2007-06-01 06:12:16

by Avi Kivity

[permalink] [raw]
Subject: [GIT PULL][RESEND] KVM cpu hotplug fixes

Linus,

Please pull from the repository and branch

git://git.kernel.org/pub/scm/linux/kernel/git/avi/kvm.git hotplug-linus

to receive a patchset which makes cpu hotplug (and therefore, suspend
and resume) more robust when running virtual machines. The core issue
is that we need a notification about a cpu going away at a point in time
where it's still alive, but not running any user processes.
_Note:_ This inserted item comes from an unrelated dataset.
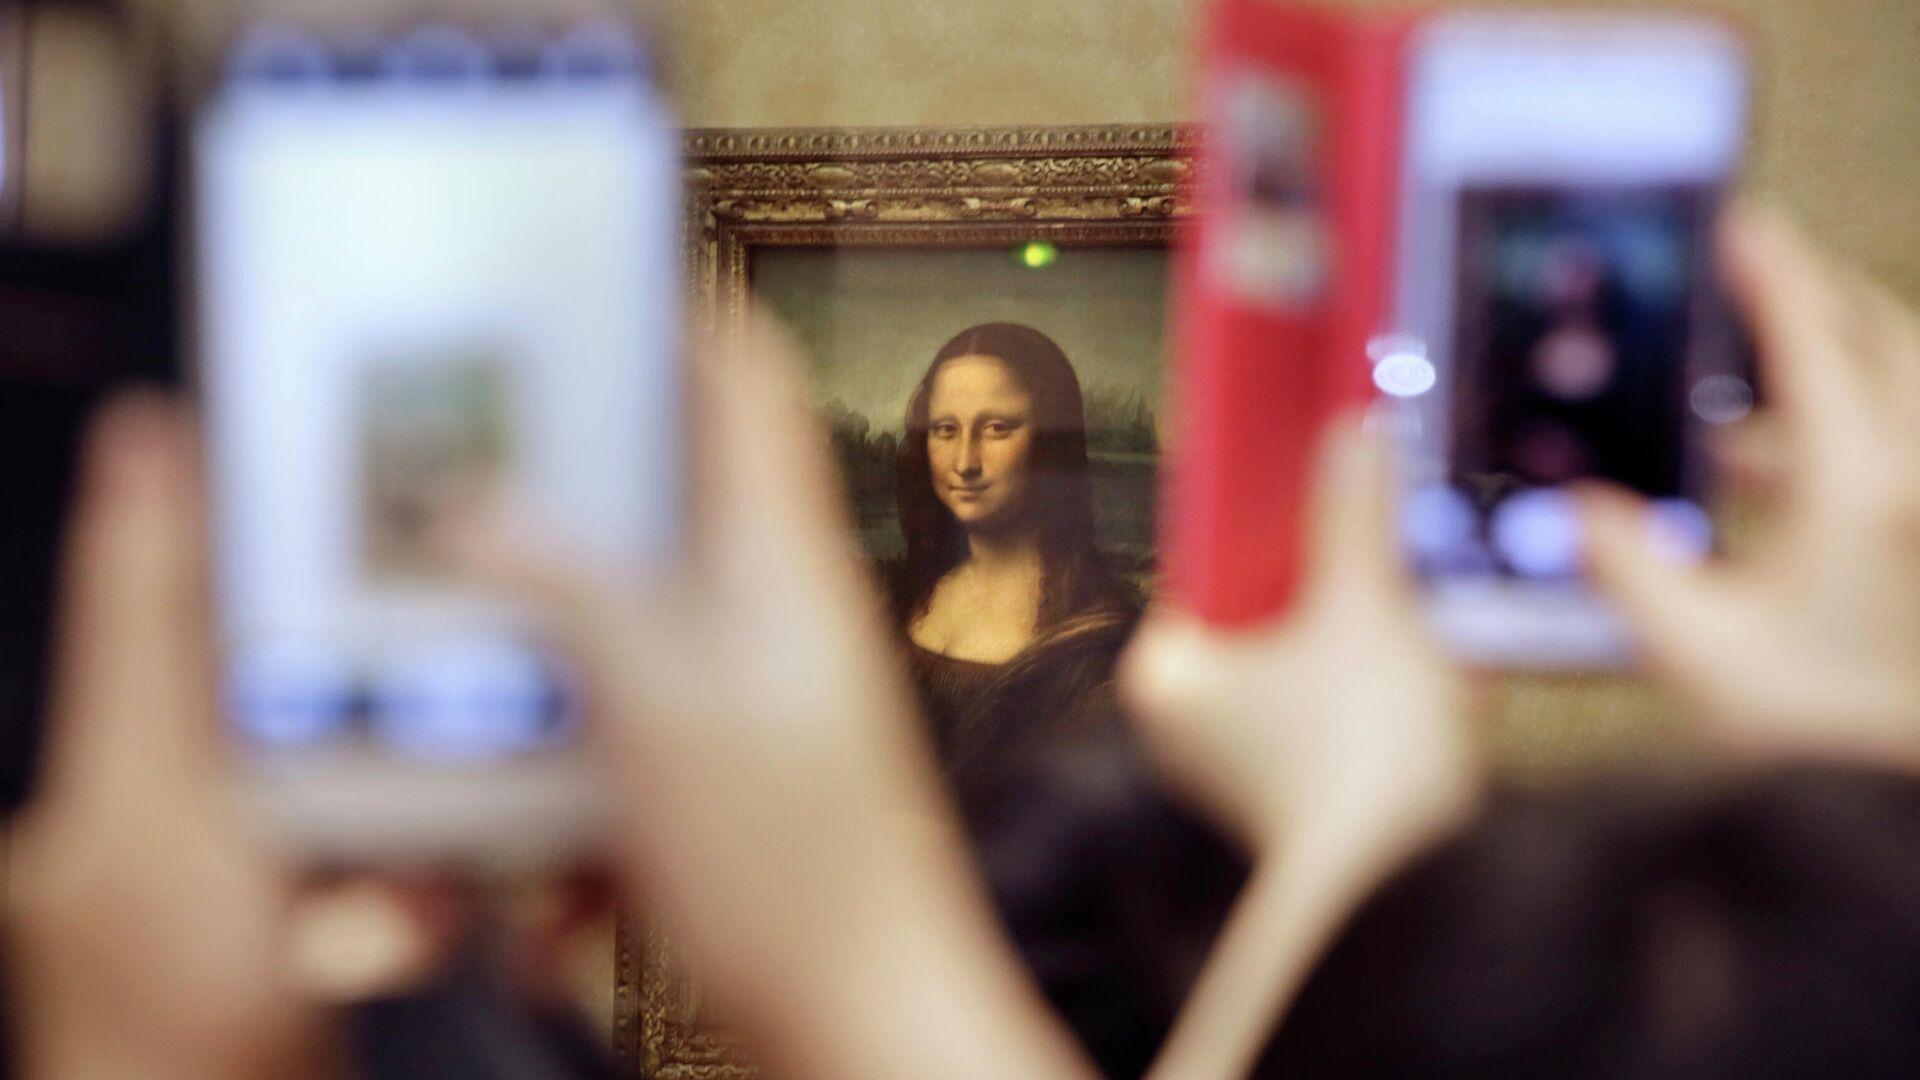 Картина Леонардо де Винчи Мона Лиза в Лувре  - РИА Новости, 1920, 10.01.2021
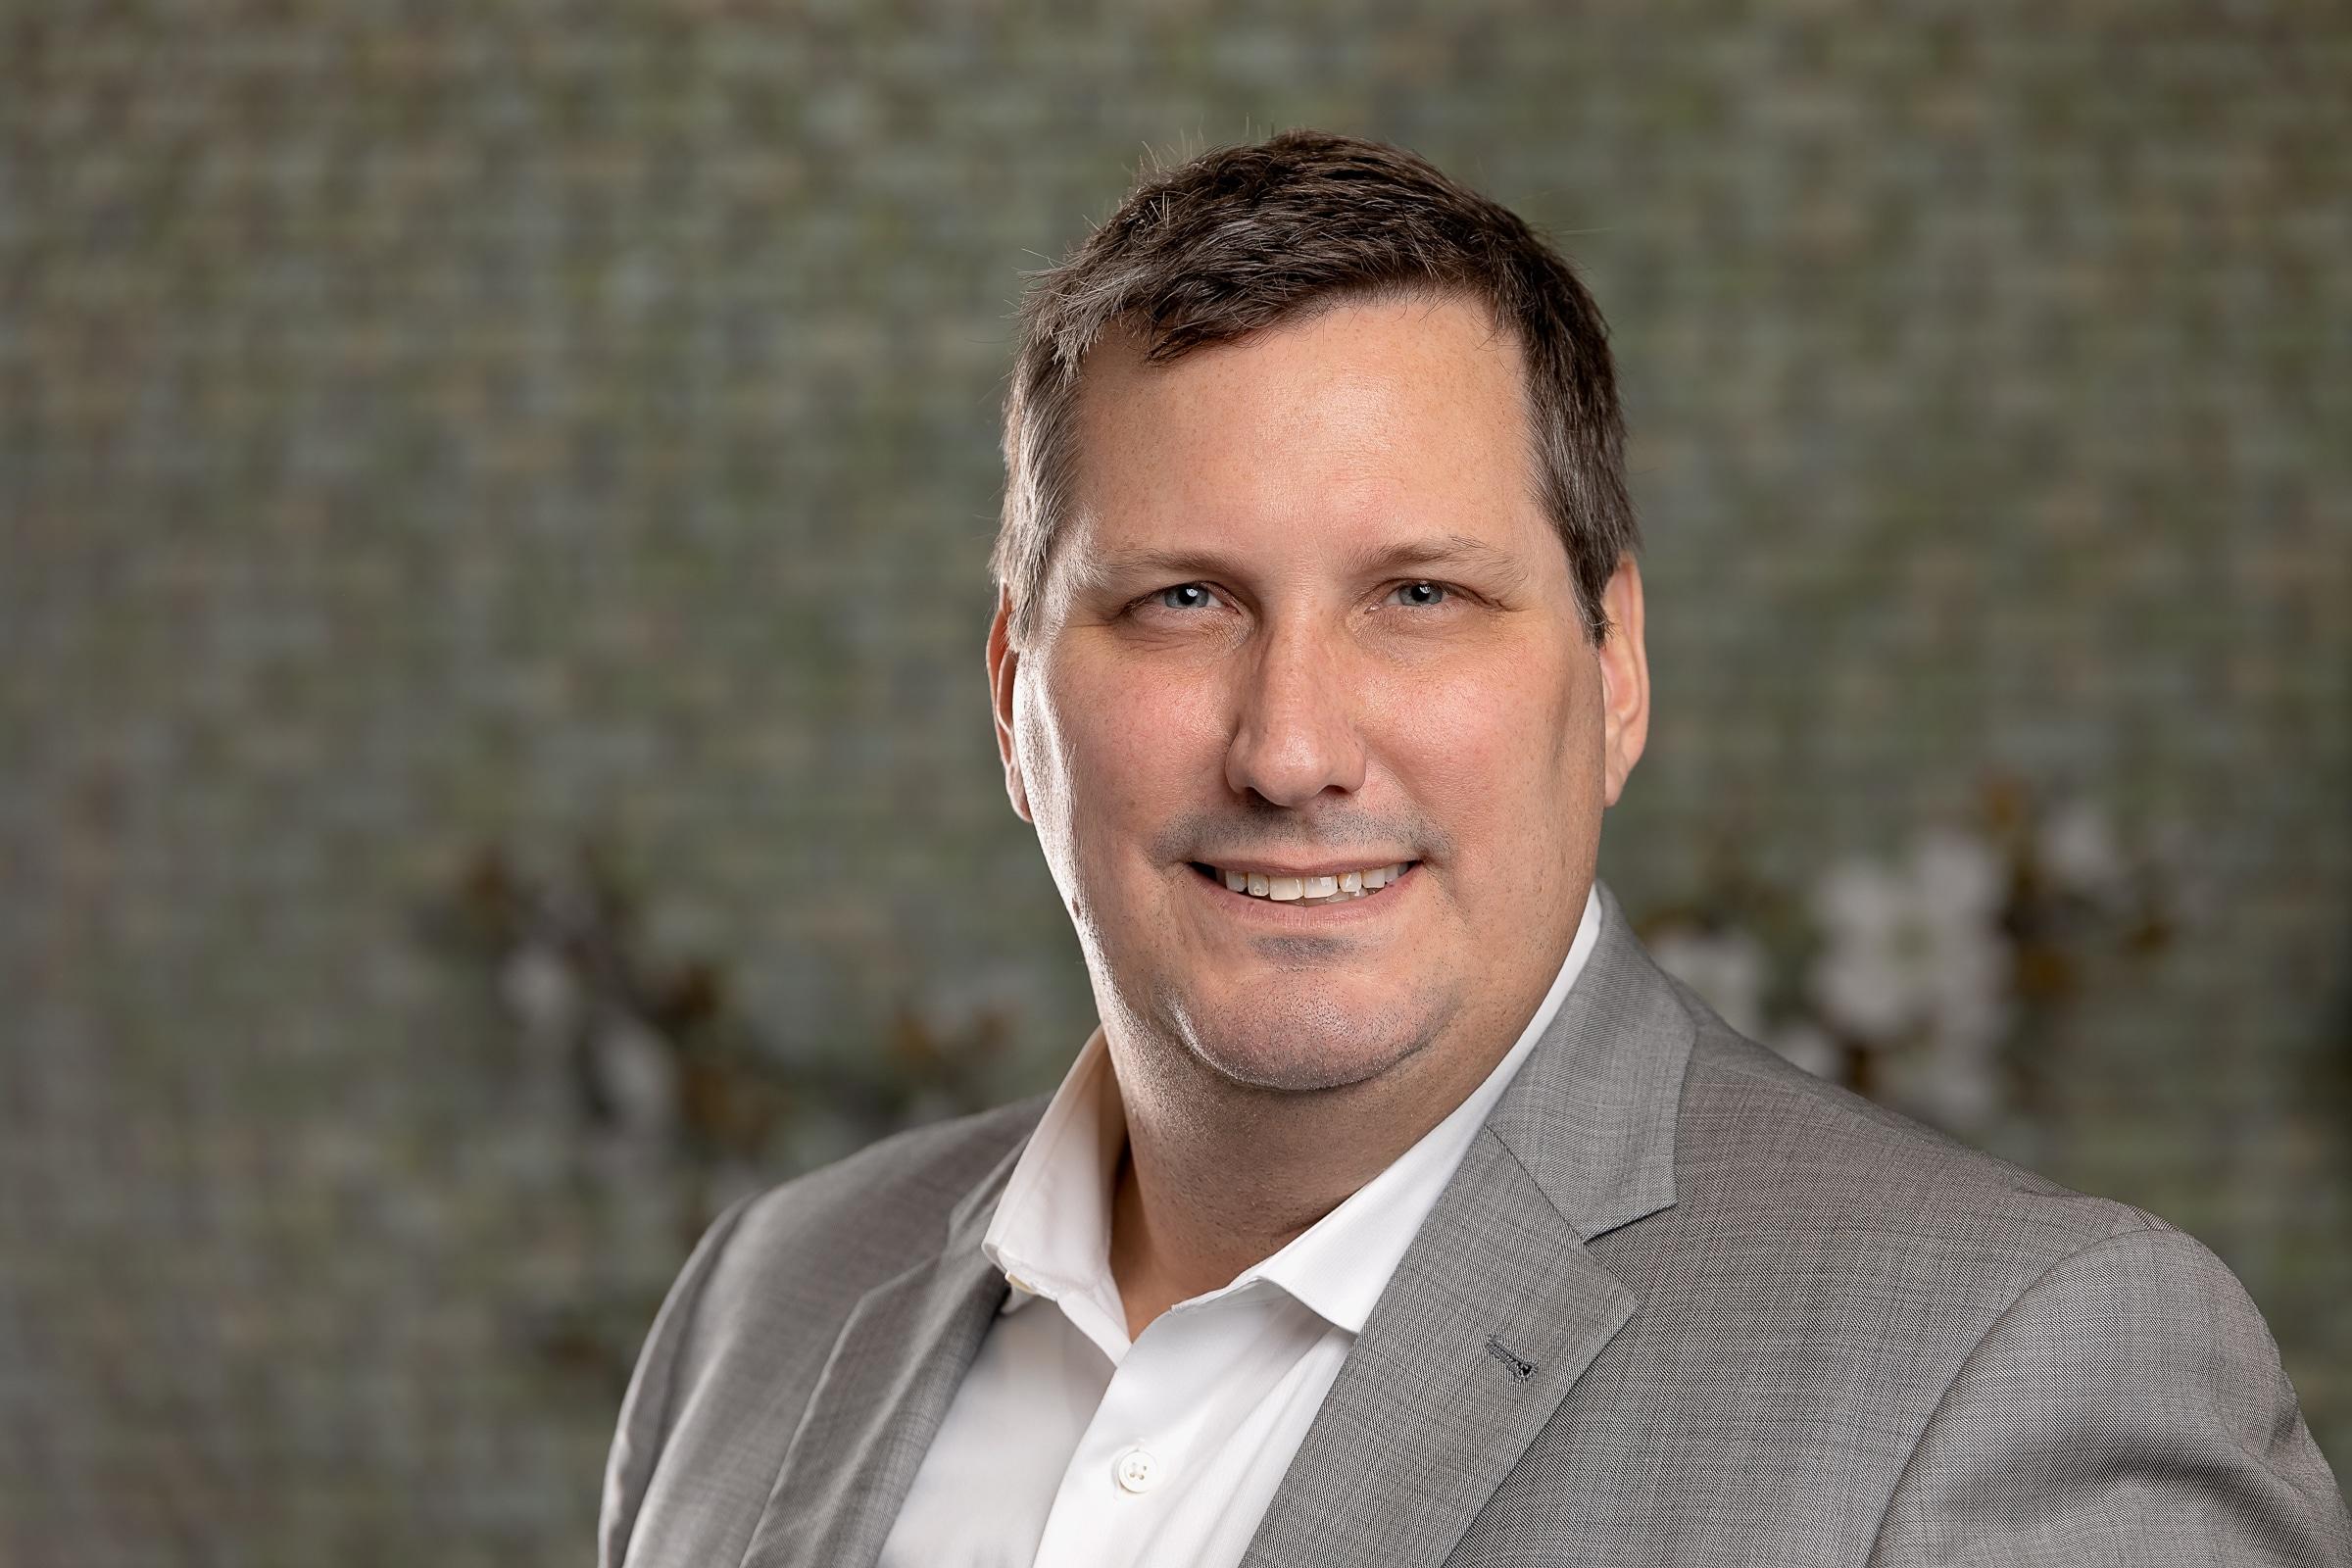 Greg-Tutko-RN-MBA Greg Tutko, RN, MBANational Sales Director for Respiratory Altus Biologics

Such a
notification does not exist today, so the patchset adds it as a new
CPU_DYING notification.

The patchset is against 2.6.22-rc3.

Shortlog:

Avi Kivity (7):
HOTPLUG: Add CPU_DYING notifier
HOTPLUG: Adapt cpuset hotplug callback to CPU_DYING
HOTPLUG: Adapt thermal throttle to CPU_DYING
SMP: Implement on_cpu()
KVM: Keep track of which cpus have virtualization enabled
KVM: Tune hotplug/suspend IPIs
KVM: Use CPU_DYING for disabling virtualization

arch/i386/kernel/cpu/mcheck/therm_throt.c | 6 ++-
drivers/kvm/kvm_main.c | 50
+++++++++++++++++++++--------
include/linux/notifier.h | 3 ++
include/linux/smp.h | 16 +++++++++
kernel/cpu.c | 16 ++++++++-
kernel/cpuset.c | 3 ++
kernel/softirq.c | 24 ++++++++++++++
7 files changed, 100 insertions(+), 18 deletions(-)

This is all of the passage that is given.